Projected: 7-9 or 8-8

Coming off a 12-4 season in which they won a playoff game in the Wild Card round against the Baltimore Ravens, the 2019 Los Angeles Chargers were nothing short of a disappointment.

On paper, this was a good team.

On the offensive side, they ranked 10th in overall yards. Their attack was led by Phillip Rivers who finished 4th in the league in passing yards, and quite nearly supported three 1,000+ yard receivers in Keenan Allen (1199), Mike Williams (1001), and Austin Ekeler (993).

On the defensive side, they ranked 6th overall in yards allowed. Their unit, led by pro-bowlers Joey Bosa and Melvin Ingram on the defensive line, gave up an average of 21 points a game, ranking 14″ in the league. 

So, what happened?

From what I can tell, the underperformance of the 2019 Chargers comes down to three things:

-[insert overused and unoriginal joke about the Chargers having all away games here]

-Rivers was too hot and cold. He finished the year 4th in passing yards, but also finished 3 in interceptions, seven of those interceptions coming in the red zone. It’s like he dedicated every interception to one of his kids.

-9 of their 11 losses came by 7 points or less. Heartbreaking losses coupled with hostile environments every game, running back drama, and playing for a franchise that has no true home and no positive outlook had players day-dreaming about Cabo come mid-November



Projected: 3-13 or 4-12

The 2000 San Diego Chargers cemented themselves in history by being one of only 10 teams in NFL history to finish the season 1-15. The fans expected much better after a 2-8 Season in 1999 but instead were making bleach cocktails not even halfway through the year.

It is best to describe the 2000 San Diego Chargers with a “The Good, The Bad, and the Ugly” chart

The Good:

The team was somehow able to make a few of the games watchable. Six of their losses came by three points or less including losing their first two games by a combined four points. The football bounces the other way once or twice and this team could have tripled or quadrupled its win total.

Their defense, while giving up the 3rd most points in the league, ranked 13th overall in yards given up. The unit was led by linebacker Junior Seau who made the Pro-Bowl every year from 1991-2002.

The Bad:

The offense was extremely inconsistent.
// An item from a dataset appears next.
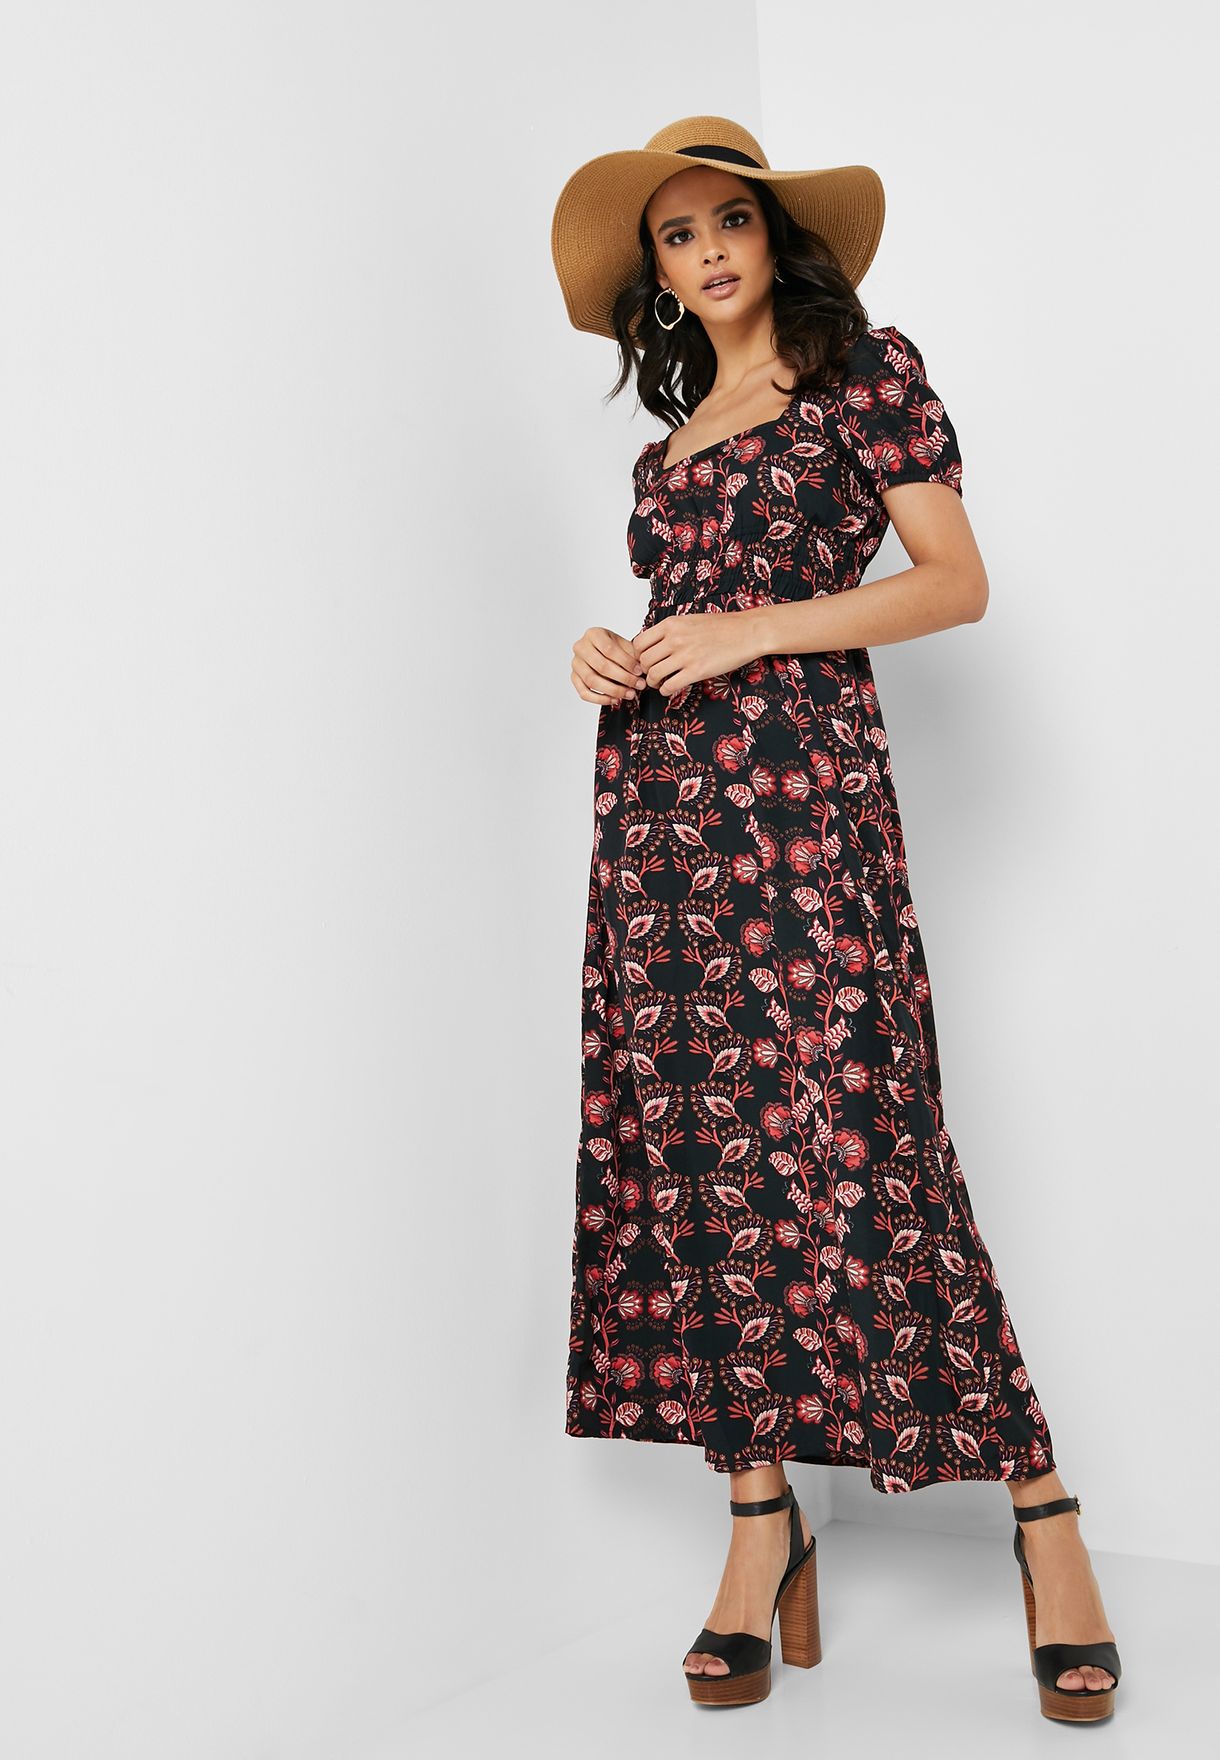 Vero Moda Floral Dress Flash Sales, 55 ...

They ranked 26th in the league in total offensive yards with 4300, and part of that was due to the quarterback play.

They had three different quarterbacks line up under center during the season: Ryan Leaf, Moses

Moreno, and, in this week’s episode of “obscure sports trivia”, Jim Harbaugh. This was Harbaugh’s last year in the league and one he would like to forget. As a combined group they threw for 3540 yards with 19 touchdowns and 30 interceptions.

After the season they released Ryan Leaf, who will go down as one of the biggest busts in NFL history. Leaf was selected second overall in the 1998 NFL Draft by the Chargers and started 21 games in his career before flaming out of the league.

The Ugly:

The running game.

This wasn’t your normal everyday incompetence, this was advanced incompetence.

For the 2000 season, the Chargers as a team put up 1,062 total rushing yards. To put that in perspective, that is the lowest rushing yards for any team in a 16-game season. To put that even further in perspective, the 1982 season was shortened due to lockout and every team played only nine games. 13 teams during that season rushed for more yards in nine games than the 2000 Chargers did in 16 games.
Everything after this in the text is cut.